Creation: 1985-1997 Creation: undated
 Collection
Accession: 2673

Abstract

The Hoyt Group, Inc. was an industrial design and marketing consultancy firm established by Earl E. Hoyt, Jr. (1936-2024). Hoyt was introduced to design at an early age. His mother was a talented textile designer who worked at her drawing board at home for additional income. At a very young age, Hoyt wrote to General Motors to explain his interest in designing cars. He received a return letter and was introduced to the term "Industrial Designer." After graduating from Pratt Institute, he began his career in Donald Deskey's New York office. Hoyt's career is well documented in this small collection. The collection is divided into four series: Series I. Clients and Projects; Series II. Sketches; Series III. Design Models; Series IV. Products/Packaging.

Dates

  • Creation: 1985-1997
  • Creation: undated

Creator

Extent

3 Linear Feet

Historical Note

The Hoyt Group, Inc. was an industrial design and marketing consultancy firm established by Earl E. Hoyt, Jr. (1936-2024). Hoyt was introduced to design at an early age. His mother was a talented textile designer, who worked at her drawing board at home for additional income. At a very young age Hoyt wrote to General Motors explaining his interest in designing cars. He received a return letter and was introduced to the term "Industrial Designer."

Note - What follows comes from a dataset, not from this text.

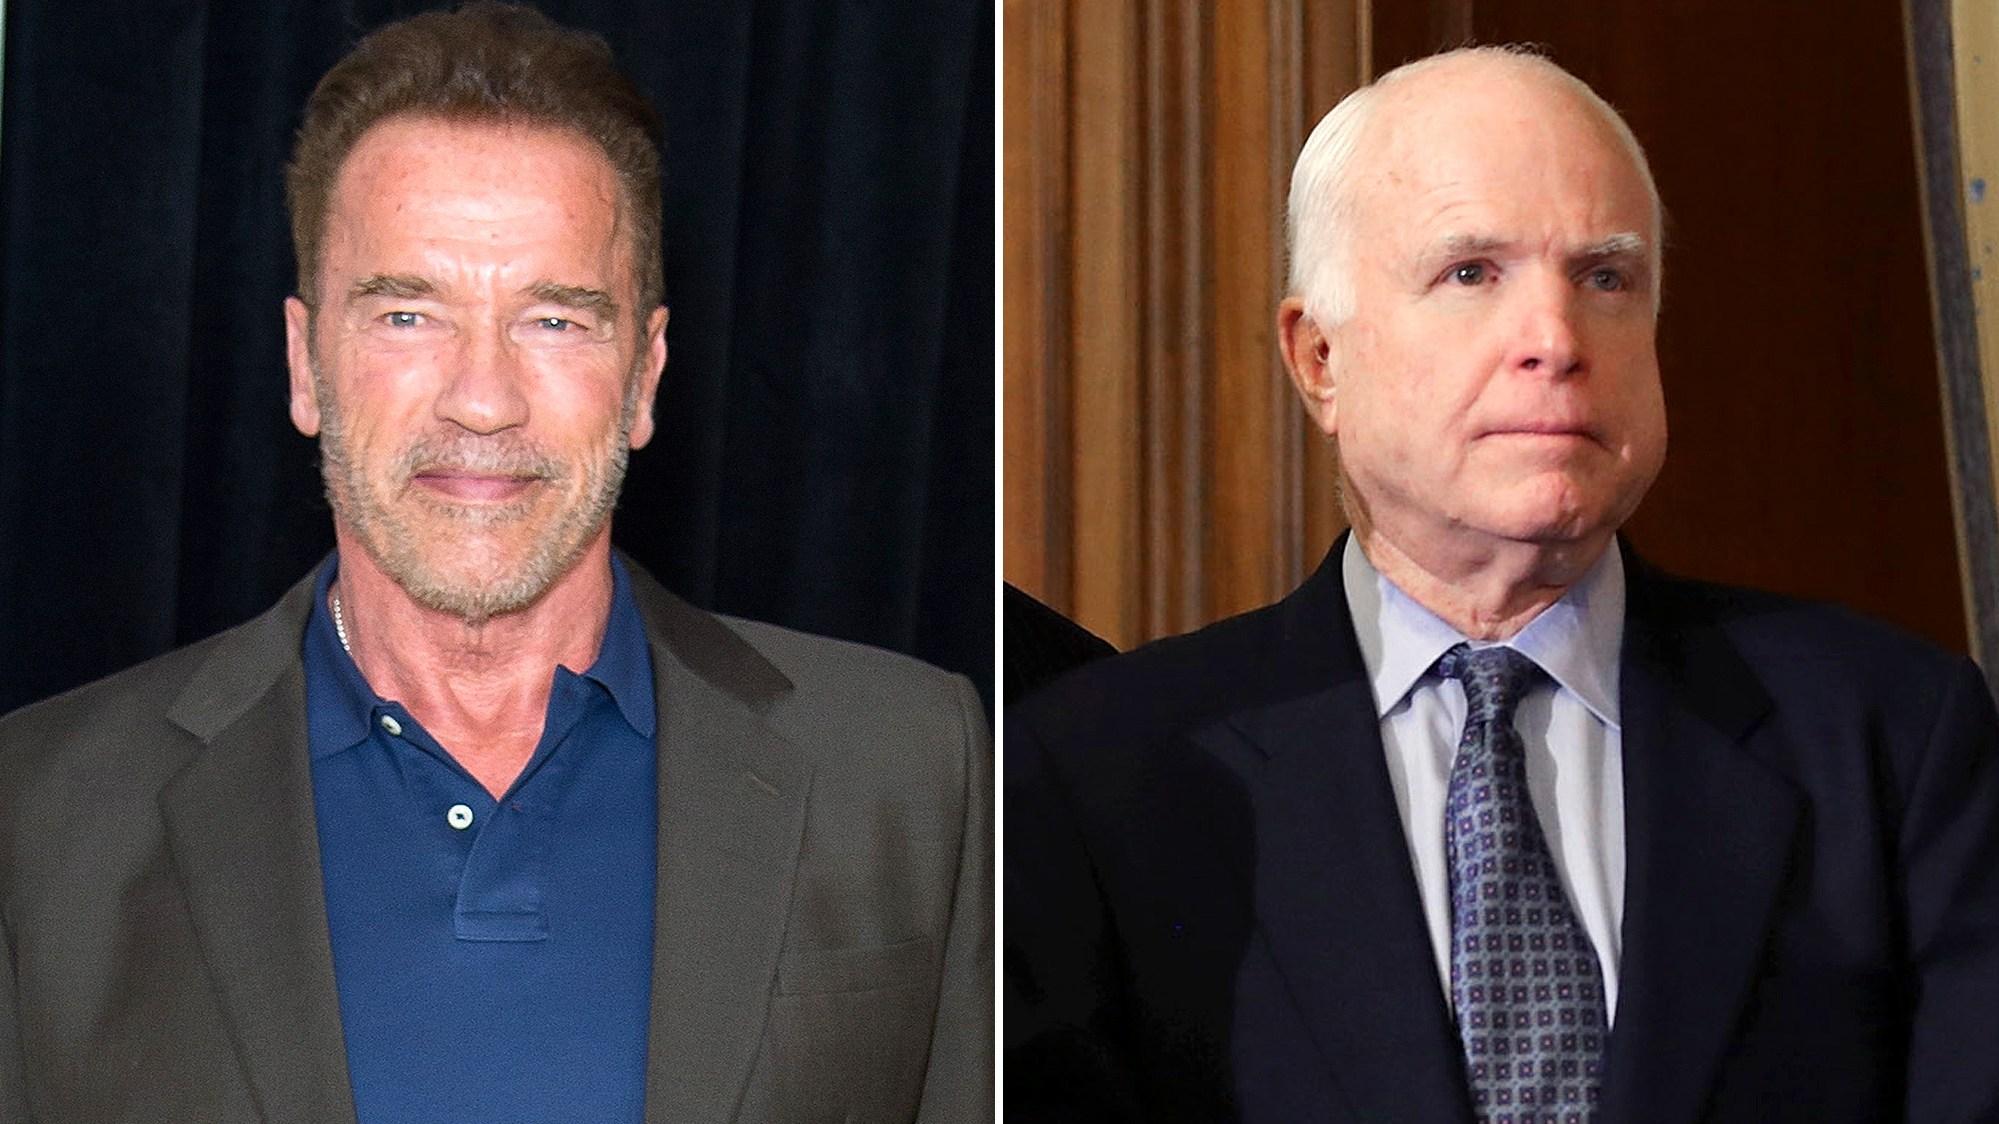 Arnold Schwarzenegger and John McCain

Hoyt graduated with honors from the Pratt Institute in 1960. He immediately began work in the New York City office of Donald Deskey Associates, during which time Hoyt designed and patented new packaging for Johnson & Johnson's dental floss dispenser, a design that is widely recognizable and still in use today. During his five-year career with the Deskey firm, he contributed to the Century 21 Exposition World's Fair at Seattle in 1962, and assisted with the design of the Travelers Life Insurance Pavillion at the 1964 New York World's Fair.

In 1965, The Hoyt Group began with groundbreaking work in packaging design. With the understanding that the package was the product - as with Jiffy Pop Microwave Popcorn, the Seashell Air Freshener by Reckitt & Coleman, Inc., Dap Patch Stick and Dap Caulk tube, Airwick's Carpet Fresh and Magic Mushroom Air Freshener, and Snap Plus Oil Boost.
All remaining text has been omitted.